In [2]:
import time
import os
import requests
from bs4 import BeautifulSoup
from pymongo import MongoClient
from datetime import datetime, timedelta
from dotenv import load_dotenv

load_dotenv()

mongoURI = os.getenv('MONGO_URI')

In [3]:
def get_day_difference(start_date, end_date):
    if(isinstance(start_date, str)):
        start_date = datetime.strptime(start_date, '%d %m %Y')
    if(isinstance(end_date, str)):
        end_date = datetime.strptime(end_date, '%d %b %Y')
    date_difference = end_date - start_date
    return date_difference.days

In [4]:
def get_flight_rows(url):
    #Get HTML from URL
    res = requests.get(url)
    htmlData = res.content
    parsedData = BeautifulSoup(htmlData, 'html.parser')
        
    #Rows with departure data
    info_table = parsedData.find_all('tr',class_='tt-row')
    return info_table

In [5]:
def get_day_url(airpot_code, year, month, day, mode):
        hour_subtraction = 1
        while(True):
                #Setting date to a datetime object
                date_time = datetime(year,month,day)
                converted_date = date_time - timedelta(hours=hour_subtraction)
                
                #Convert date to epoch time needed for url
                epochDate = time.mktime(converted_date.timetuple())
                
                #Generate URL for scraping arrivals
                if(mode == 'arrivals'):
                        url = 'https://www.avionio.com/en/airport/' + airpot_code + '/arrivals' + '?ts=' + str(int(epochDate)) + '000&page='
                if(mode == 'departures'):
                        url = 'https://www.avionio.com/en/airport/' + airpot_code + '/departures' + '?ts=' + str(int(epochDate)) + '000&page='
                
                #Parse URL to get first flight date
                flights = get_flight_rows(url)
                first_flight_date = flights[0].find('td',class_='tt-d').text.strip() + ' 2024'
                
                #If the shown information is from the day before then it is safe to begin scraping from there for the date selected.
                #This way it is assured that no flights from the selected date are missed.
                if(get_day_difference(converted_date,first_flight_date) == -1):
                    return url
        
                hour_subtraction += 1

In [6]:
def get_airport_data(airport_code,year,month,day,mode):
    
    datetime_day = datetime(year,month,day)
    url = get_day_url(airport_code,year,month,day,mode)
    
    flights = []
    pageNum = 0
    
    #Generate URL for scraping
    while(True):
        
        info_table = get_flight_rows(url + str(pageNum))
        
        for row in info_table:
        
            if 'tt-child' in row['class']:  
                continue
            
            row_date = row.find('td',class_='tt-d').text.strip() + ' 2024'
            day_difference = get_day_difference(datetime_day, row_date)
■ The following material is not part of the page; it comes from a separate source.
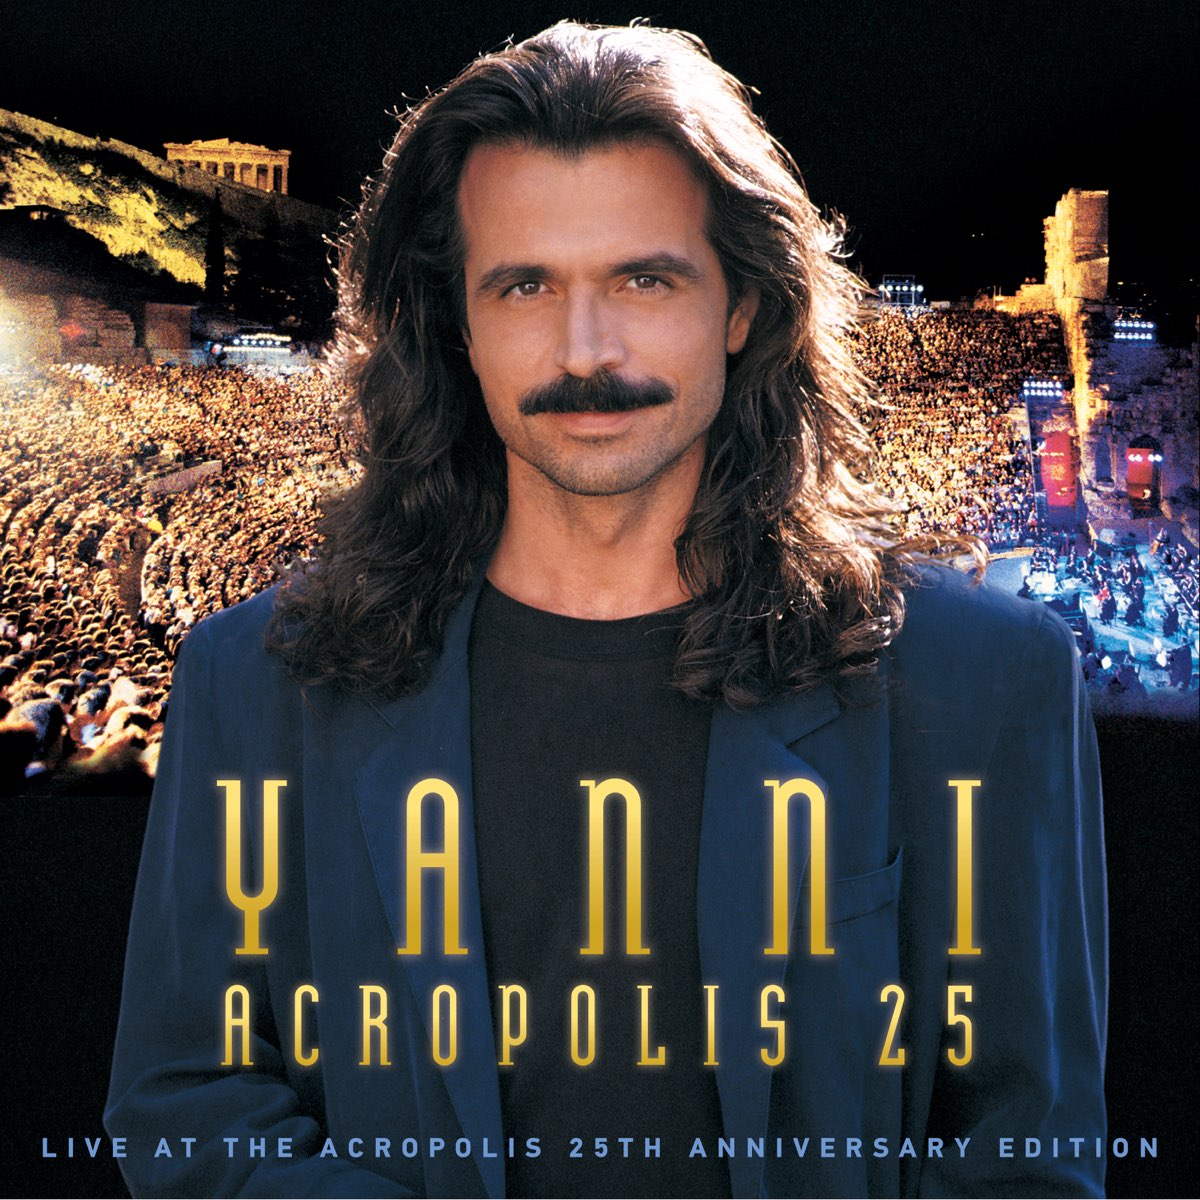 ‎Live at the Acropolis 25th Anniversary Deluxe Edition (Remastered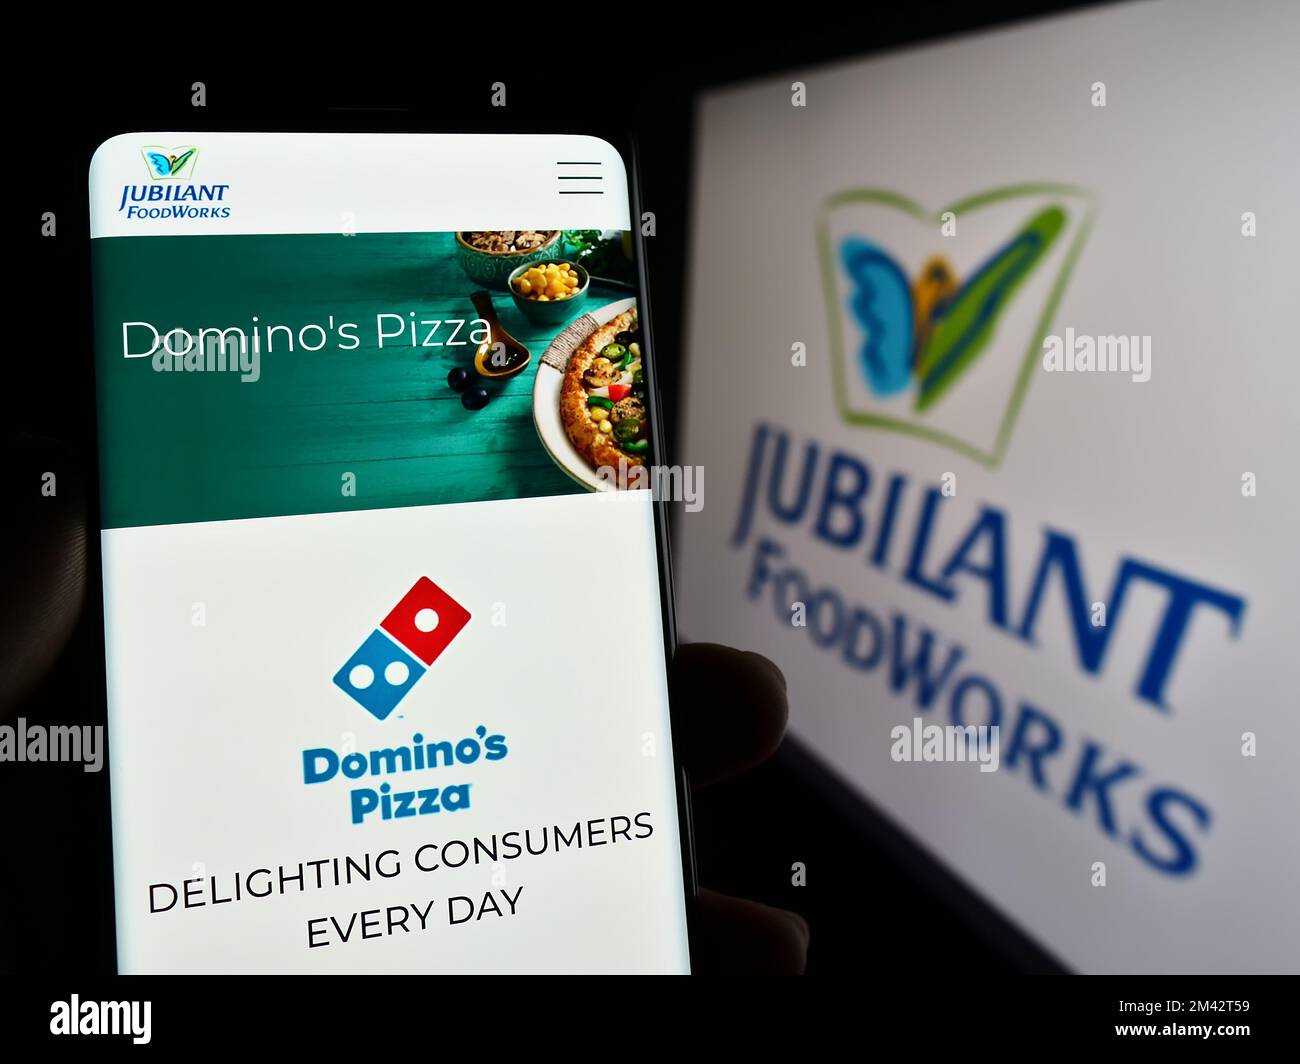 Person holding mobile phone with webpage of Indian food company Jubilant FoodWorks Limited on screen with logo. Focus on center of phone display. Stock Photo

            if(day_difference == -1):
                continue
            
            if(day_difference == 1):
                flight_day = datetime.strptime(f'{day} {month} {year}', '%d %m %Y')
                flight_day = str(flight_day.date())
                return { 'date' : flight_day, 'flights' : flights }
            
            flight = {
                'time': row.find('td',class_='tt-t').text.strip(),
                'date': row.find('td',class_='tt-d').text.strip() + ' 2024',
                'iata': row.find('td',class_='tt-i').text.strip(),
                'arrival/departure': row.find('td',class_='tt-ap').text.strip(),
                'flight': row.find('td',class_='tt-f').text.strip(),
                'airline': row.find('td',class_='tt-al').text.strip(),
                'status': row.find('td',class_='tt-s').text.strip()
            }
                        
            flights.append(flight)
        pageNum += 1

In [7]:
client = MongoClient(mongoURI)

def insert_flights_barcelona(day,month,year):
    
    flight_day = datetime.strptime(f'{day} {month} {year}', '%d %m %Y')
    flight_day = str(flight_day.date())
    
    db = client['Flights']
    col_arrivals = db[f'arrivals_barcelona']
    col_departures = db[f'departures_barcelona']
    
    if ( col_arrivals.find_one({'date': { '$eq': flight_day }}) ):
        print(f'Arrivals for day {flight_day} already in database')
        pass
    else:
        flights = get_airport_data('bcn', year, month, day,'arrivals')
        col_arrivals.insert_one(flights)
        print(f"Inserted arrivals for day: {flight_day}")
    
    if ( col_departures.find_one({'date': { '$eq': flight_day }}) ):
        print(f'Departures for day {flight_day} already in database')
        pass
    else:
        flights = get_airport_data('bcn', year, month, day,'departures')
        col_departures.insert_one(flights)
        print(f"Inserted departures for day: {flight_day}")
        
        
insert_flights_barcelona(20,4,2024)

Inserted arrivals for day: 2024-04-20
Inserted departures for day: 2024-04-20